Утром, отправляясь на службу, дед надевал свою железнодорожную гимнастёрку, поверх её натягивал тёмно-синий китель, застёгивался на все пуговицы и, причесав ладонью седую лысеющую голову, натягивал форменную фуражку.
– Оставляю тебя на хозяйстве! – говорил он бабе Моте, прикладывая ладонь к голове. – Сегодня у меня совещание, буду поздно.
– Да как-нибудь мы здесь и без тебя управимся, – улыбалась бабушка. – Ты случаем очки не забыл?
Глаза деда замирали в одной точке, он испуганно хлопал себя по карманам, проверяя, всё ли взял, поскольку без очков он был как без рук.

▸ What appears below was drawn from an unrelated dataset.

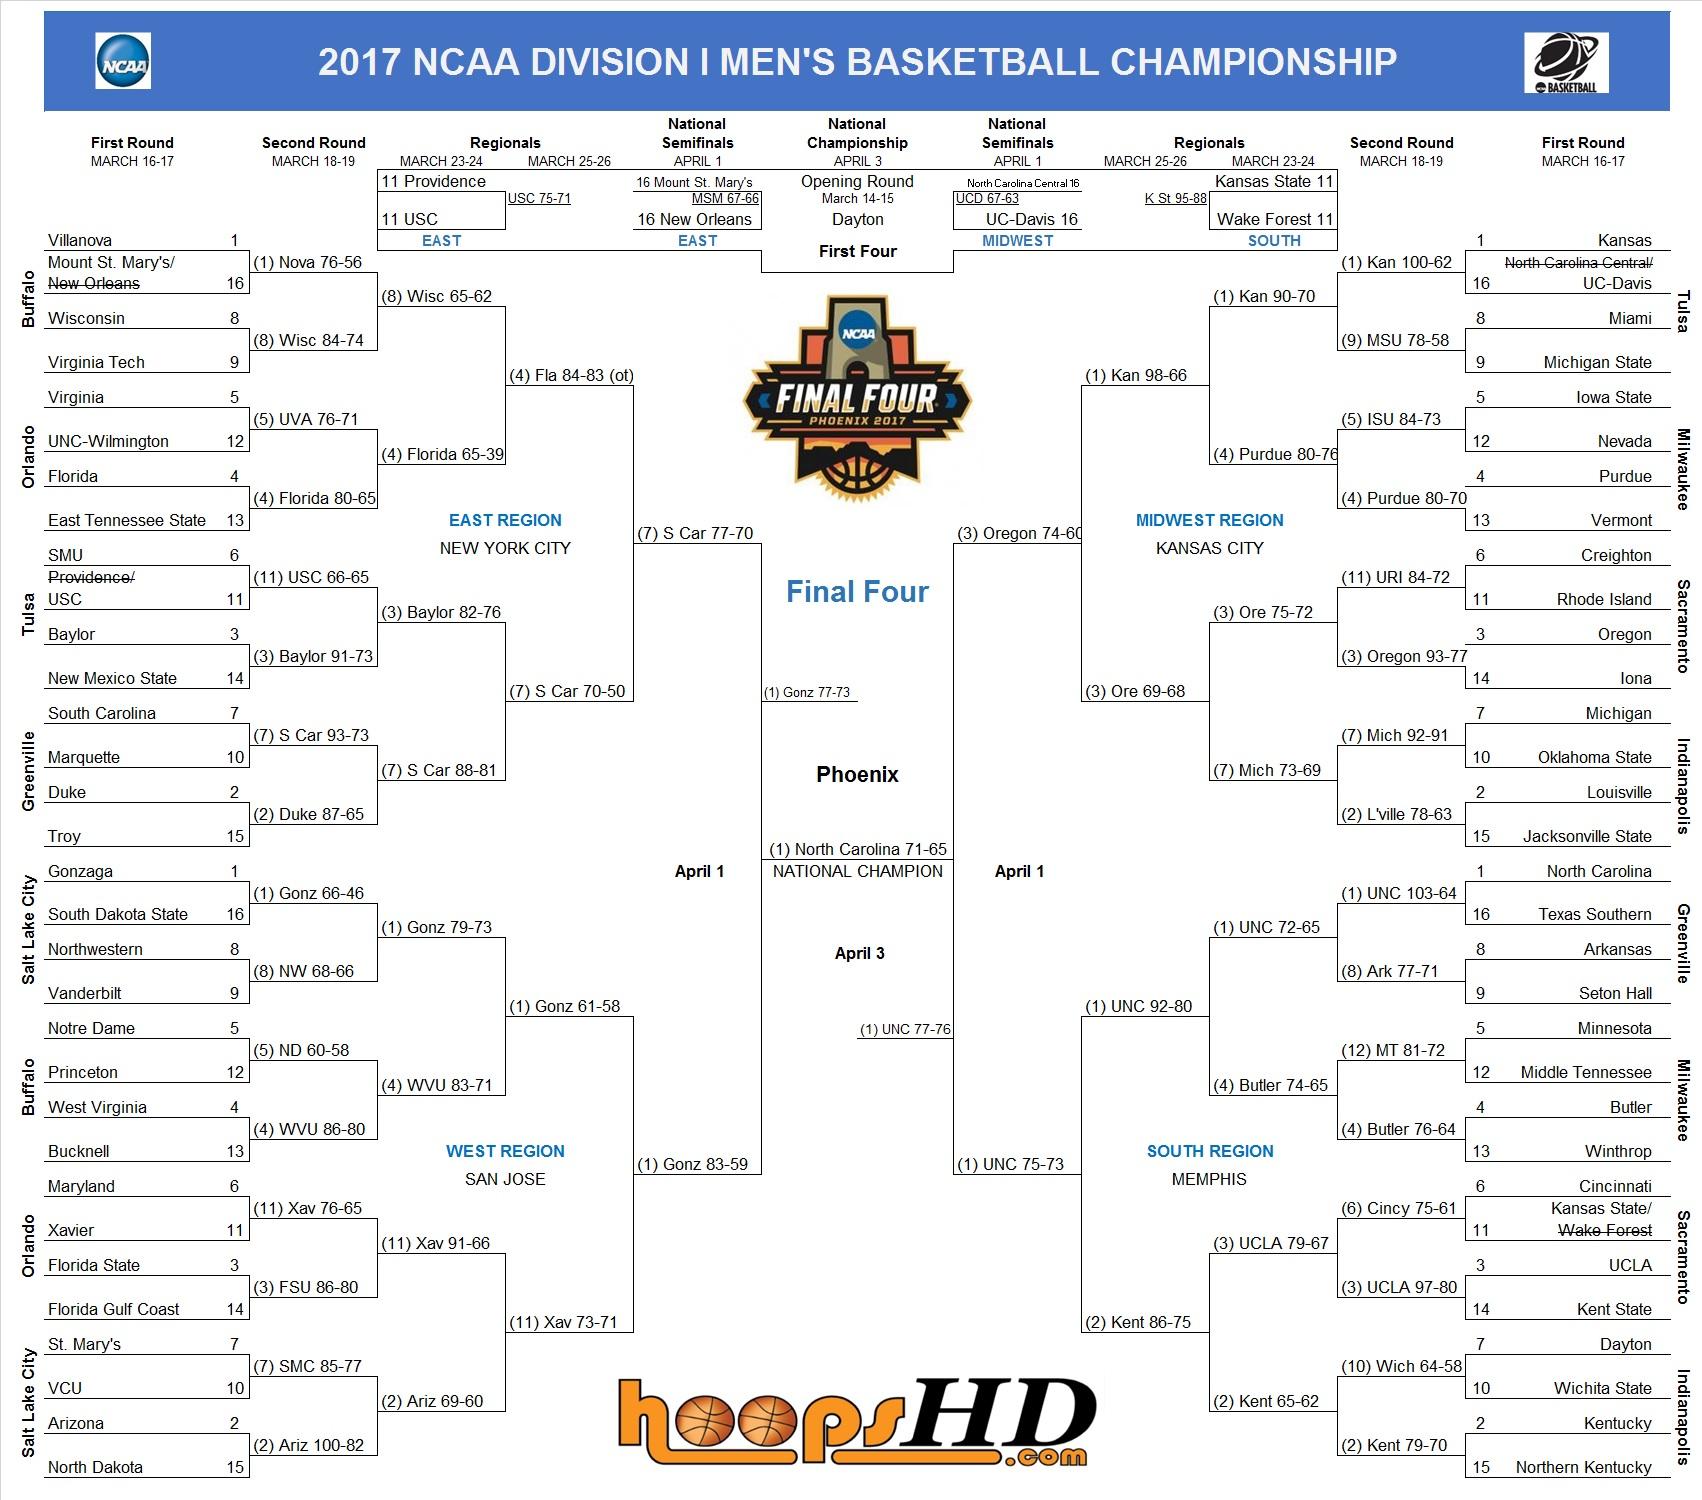 College Basketball Rankings | Basketball Scores

Место для сна мне определили под крышей, где, как говорила баба Мотя, обычно ночевал, приезжая в Куйтун, мой отец и которое на лето облюбовал мой двоюродный брат. Дрокин считал себя всезнайкой и, перед тем как уснуть, он рассказывал, что после революции дед работал на агитпоездах и что в его коллекции были фотографии приезжающих в Иркутск Василия Блюхера, Павла Постышева, командира красных забайкальских партизан Журавлёва, про которого даже была песня:
Ружья в гору заблистали,Три дня сряду дождик лил.Против белых мы восстали,Журавлёв там с нами был…– А ещё, говорил Дрокин, дед давным-давно фотографировал лётчика Михаила Громова во время его знаменитого перелёта из Москвы в Пекин. Громов летел на самолёте Р-1 конструкции Николая Поликарпова, другие на «юнкерсах», – и для большей убедительности добавлял: – К нам на поле садился санитарный самолёт По-2 тоже конструкции Поликарпова. Я ездил туда на мотоцикле и даже посидел в кабине. Ничего особенного, двухместная кабина, два или три прибора, указатель скорости и авиагоризонт. Немцы называли его швейной машинкой или рус-фанер. Я бы мог спокойно взлететь и сесть на нём.

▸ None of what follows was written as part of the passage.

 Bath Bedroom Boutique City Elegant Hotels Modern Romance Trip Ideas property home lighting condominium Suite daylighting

«Ври, да не завирайся!» – думал я и всё же немного завидовал Дрокину. Надо же, сидел в кабине самолёта! В то время я зачитывался книгой Вениамина Каверина «Два капитана», повествующей о полярных лётчиках, и, как все мальчишки, мечтал стать лётчиком.
– Надо попросить деда, в кинофонде есть фильм «Два капитана», – устав отвечать на мои расспросы, зевая, говорил Генка. – Можно его показать.
Меня поражало: Дрокин обо всём рассказывал так, что казалось, это он ездил с дедом на этих самых агитпоездах и сам лично снимал знаменитых людей. Сколько же нового и неожиданного я узнал за последние дни после приезда в Куйтун!
На ночь семья соседей укладывалась не сразу. Гуськом, следуя друг за другом, ребятишки делали заход в туалет, потом под присмотром всё той же Любки один за другим шагали в сени, где стоял наполненный водой цинковый тазик, некоторые, даже не наклоняясь, тёрли мокрые ступни одну о другую, перепрыгивали на лежащую рядом с ванной тряпку, шоркали подошвой об неё и, показав смотрящей сестре подошвы, бежали в дом. Некоторых Любка возвращала обратно.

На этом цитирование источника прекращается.